» **Exercise details**:
From the data below, please reproduce exactly everything from the line that contains "Google Map Of" down to the line that contains "Embroidery Tassel-Tie Neck", with both ends included.

» **The records**:

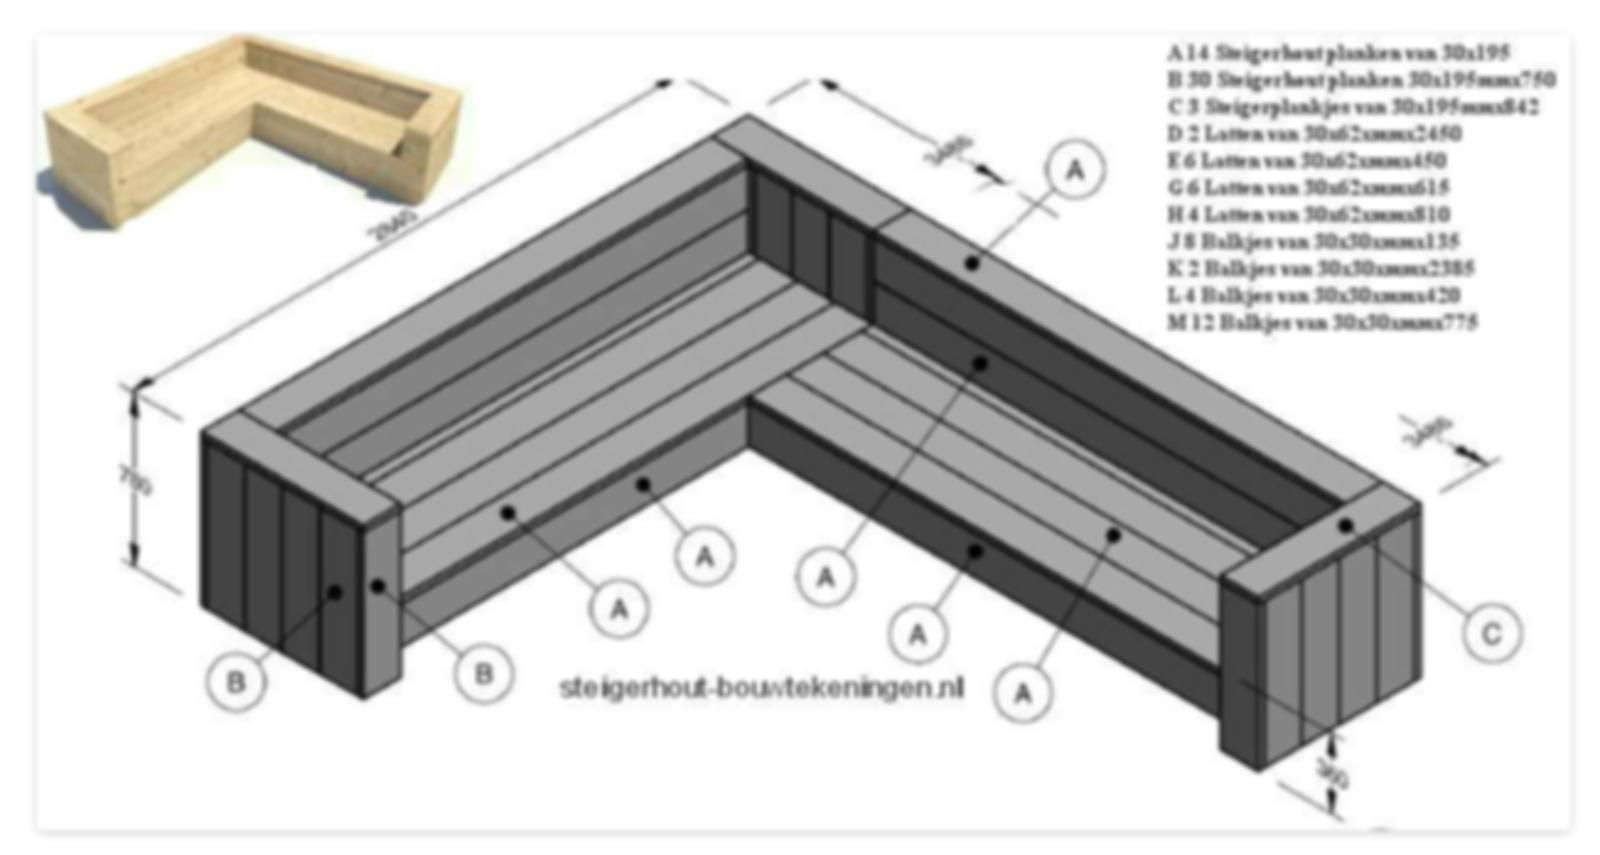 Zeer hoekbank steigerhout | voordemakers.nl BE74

* * *

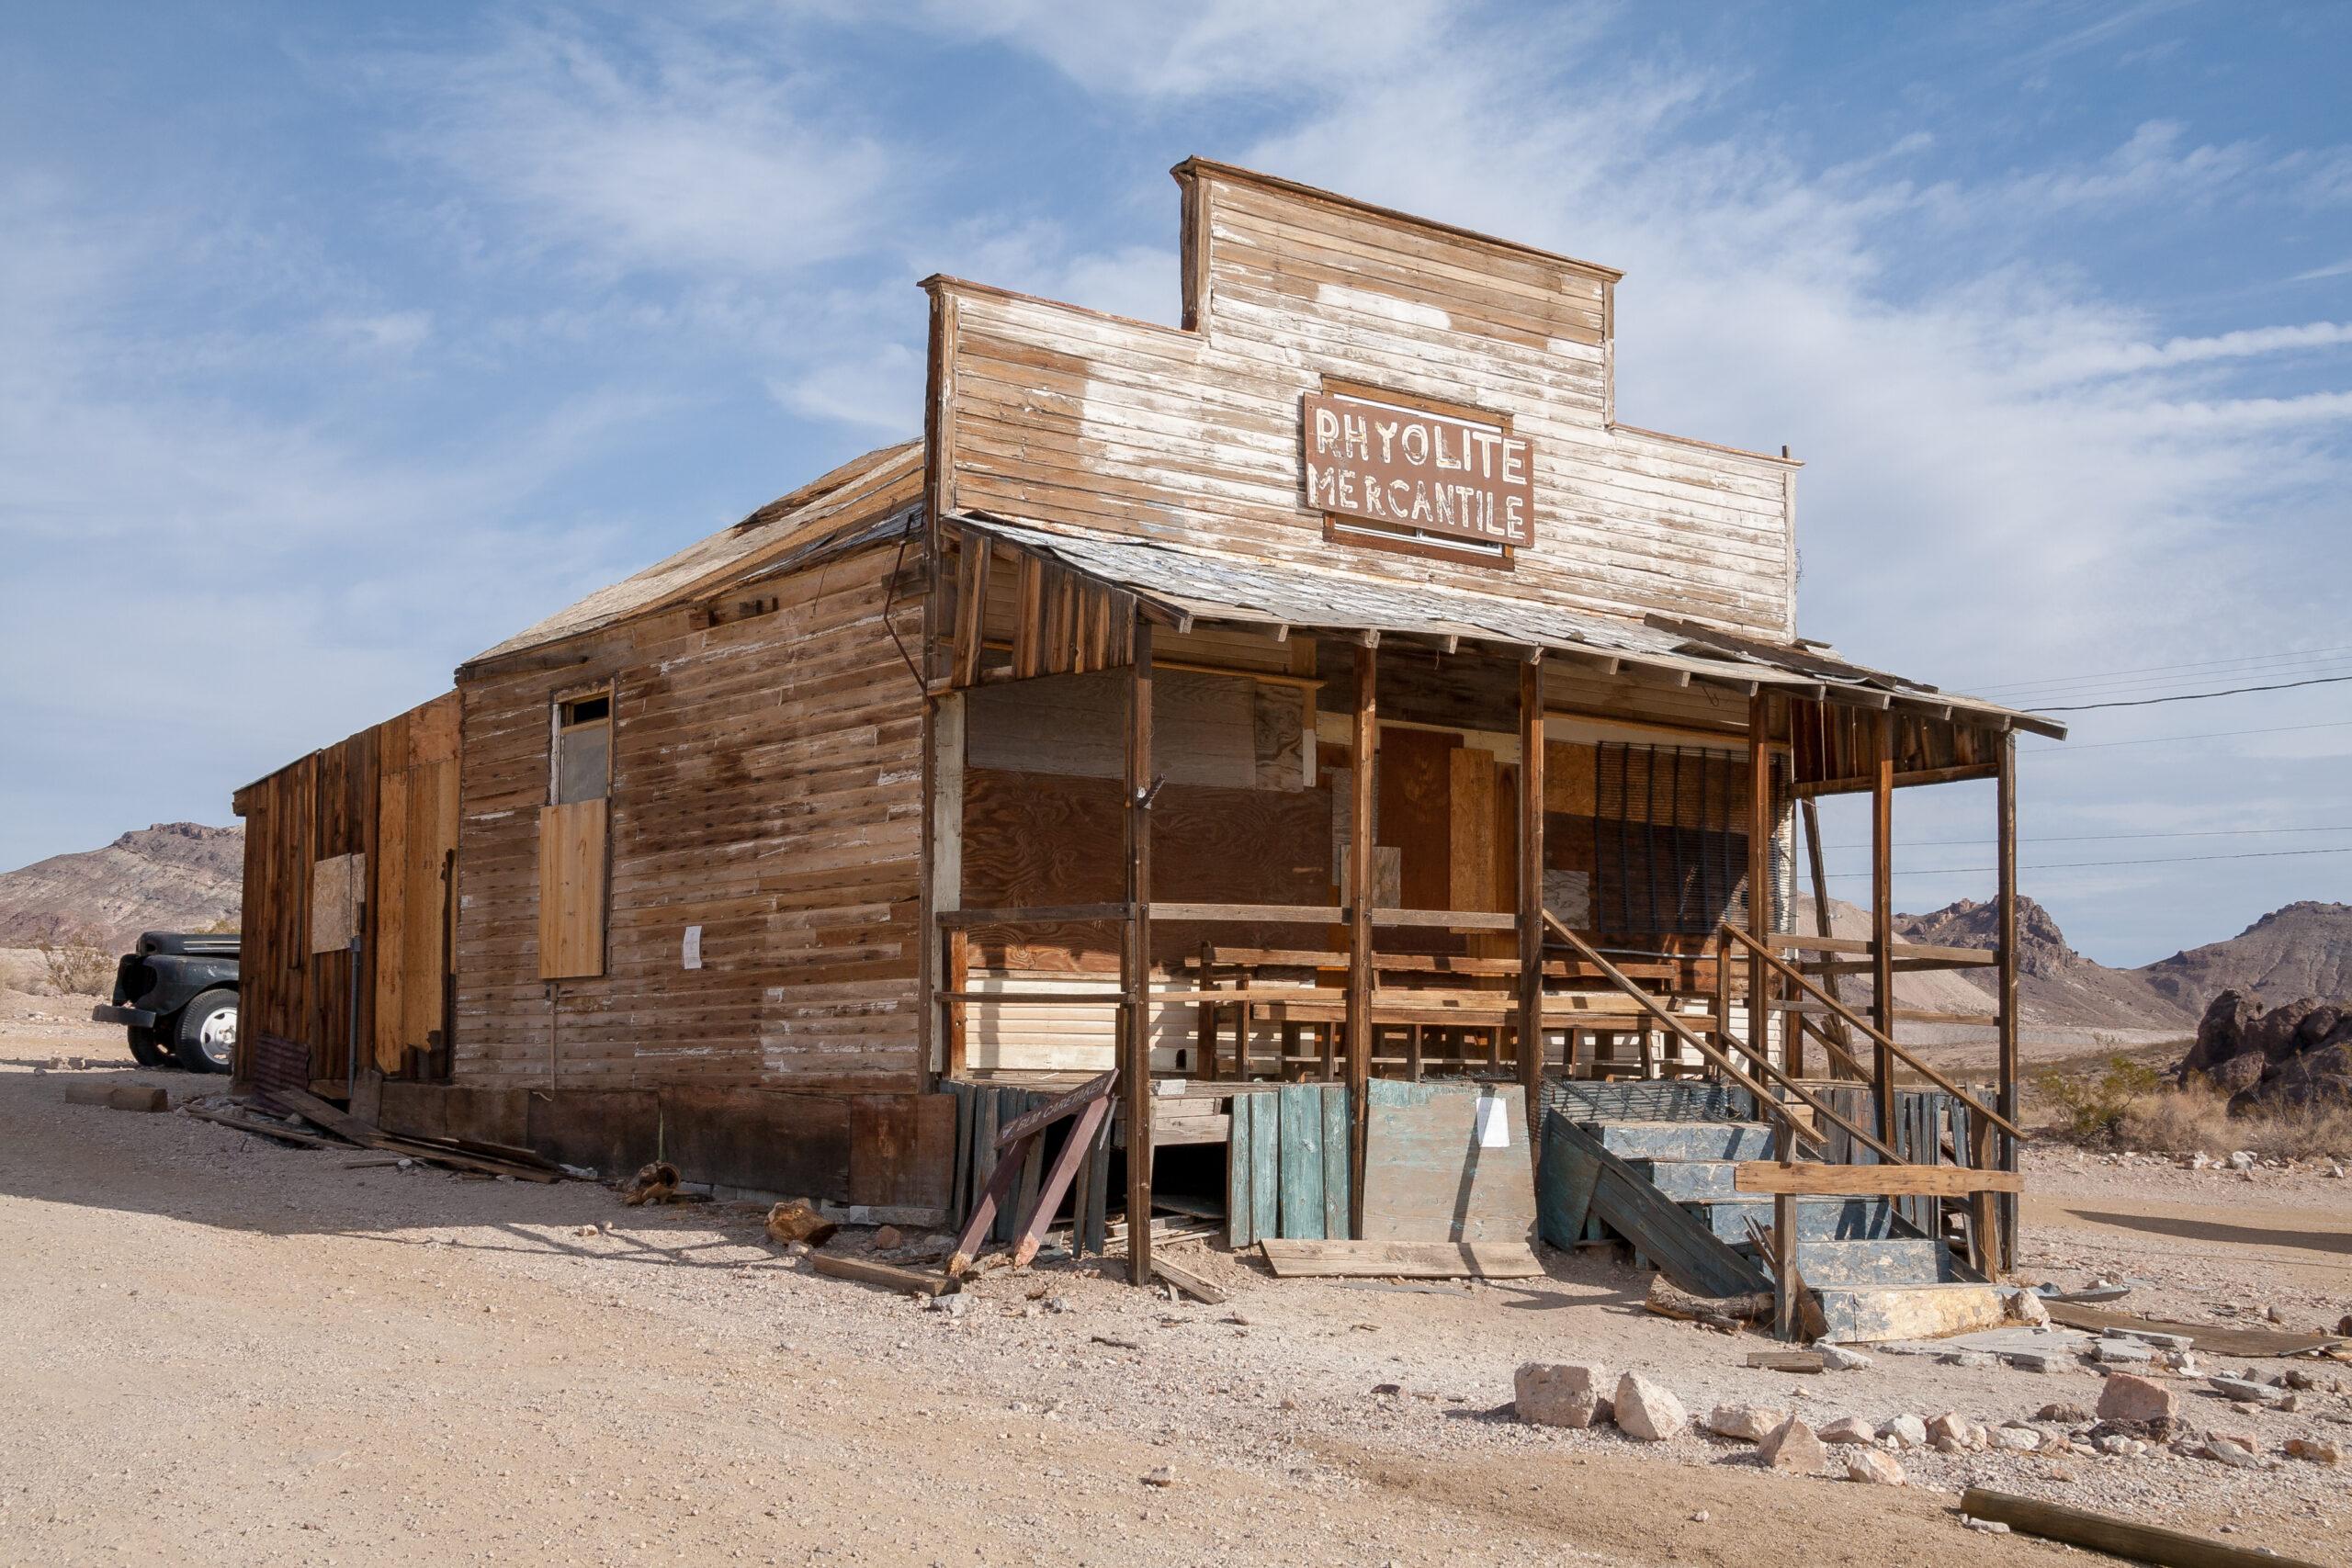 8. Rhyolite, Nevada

...

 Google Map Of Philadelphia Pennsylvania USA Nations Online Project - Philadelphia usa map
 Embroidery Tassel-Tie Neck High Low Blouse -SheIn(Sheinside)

» **Worked solution**:
 Google Map Of Philadelphia Pennsylvania USA Nations Online Project - Philadelphia usa map
 Embroidery Tassel-Tie Neck High Low Blouse -SheIn(Sheinside)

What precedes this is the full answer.